Second, the SEC charged two individuals for insider trading in connection with call options in Pfizer, Inc. (“Pfizer”). According to the SEC, Amit Dagar, a Pfizer employee at the time, tipped his close friend and business partner, Atul Bhiwapurkar, that Pfizer’s COVID-19 antiviral treatment, Paxlovid, was successful before Pfizer’s November 5, 2021, public announcement of the same. The SEC alleged that on November 4, 2021, Dagar learned MNPI about the success of the trial and, around four hours later, bought short-term, out-of-the-money Pfizer call options, including options that expired the next day. Dagar tipped Bhiwapurkar that same day, and Bhiwapurkar bought similar call options. The complaint alleges that the two individuals realized one-day investment returns of 791%. The SDNY United States Attorney’s Office criminally charged Dagar and Bhiwapurkar.
Third, the SEC charged five individuals, including a Massachusetts police chief in connection with alleged insider trading before the announcement of a tender offer by Alexion Pharmaceuticals, Inc. to acquire Portola Pharmaceuticals, Inc. in May 2020. According to the SEC, Joseph Dupont, an Alexion executive, tipped his close friend Shawn Cronin, a police chief. Cronin then tipped two friends—Jarrett Mendoza and Stanley Kaplan—and Kaplan tipped his friend Paul Feldman. The SEC alleges that Kaplan and Feldman tipped family and friends, who also traded. Cronin, Mendoza, Kaplan, and Feldman all profited, and other traders who received alleged MNPI from Kaplan or Feldman profited to the tune of $1.7 million. The SDNY United States Attorney’s Office criminally charged all five individuals.

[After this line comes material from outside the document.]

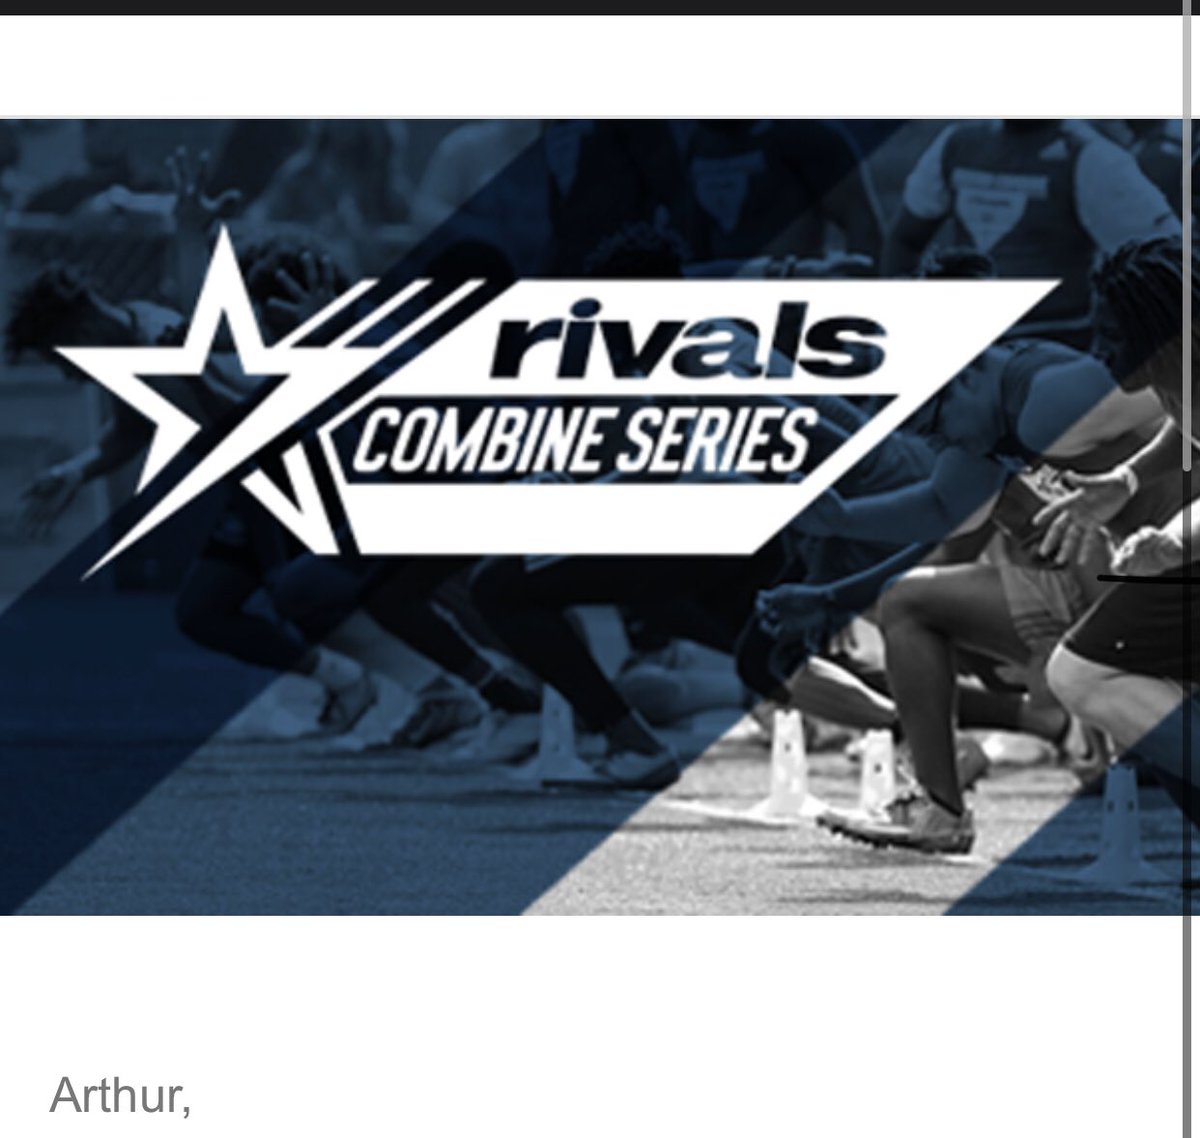 Blessed to have the opportunity to compete in the 2020 @Rivals combine series @Coach_JoeyMoss @truebuzzgroup

Fourth, the SEC charged registered representative Jordan Meadow and Stanley Teixiera, the CCO of an international company, with trading on the basis of MNPI that Teixeira got from his girlfriend’s laptop while she was working at home during the COVID-19 pandemic. Teixeira’s girlfriend was an executive assistant at a major investment bank. According to the SEC, Teixiera misappropriated information about upcoming public company mergers and acquisitions from his girlfriend’s laptop and then bought call options and tipped others, including Meadow. Teixiera and Meadow both made allegedly illegal profits and Meadow recommended trades on the basis of MNPI to his brokerage customers, resulting in millions in profits for the customers and hundreds of thousands of dollars in commissions for Meadow. The SDNY United States Attorney’s Office criminally charged Teixiera and Meadow.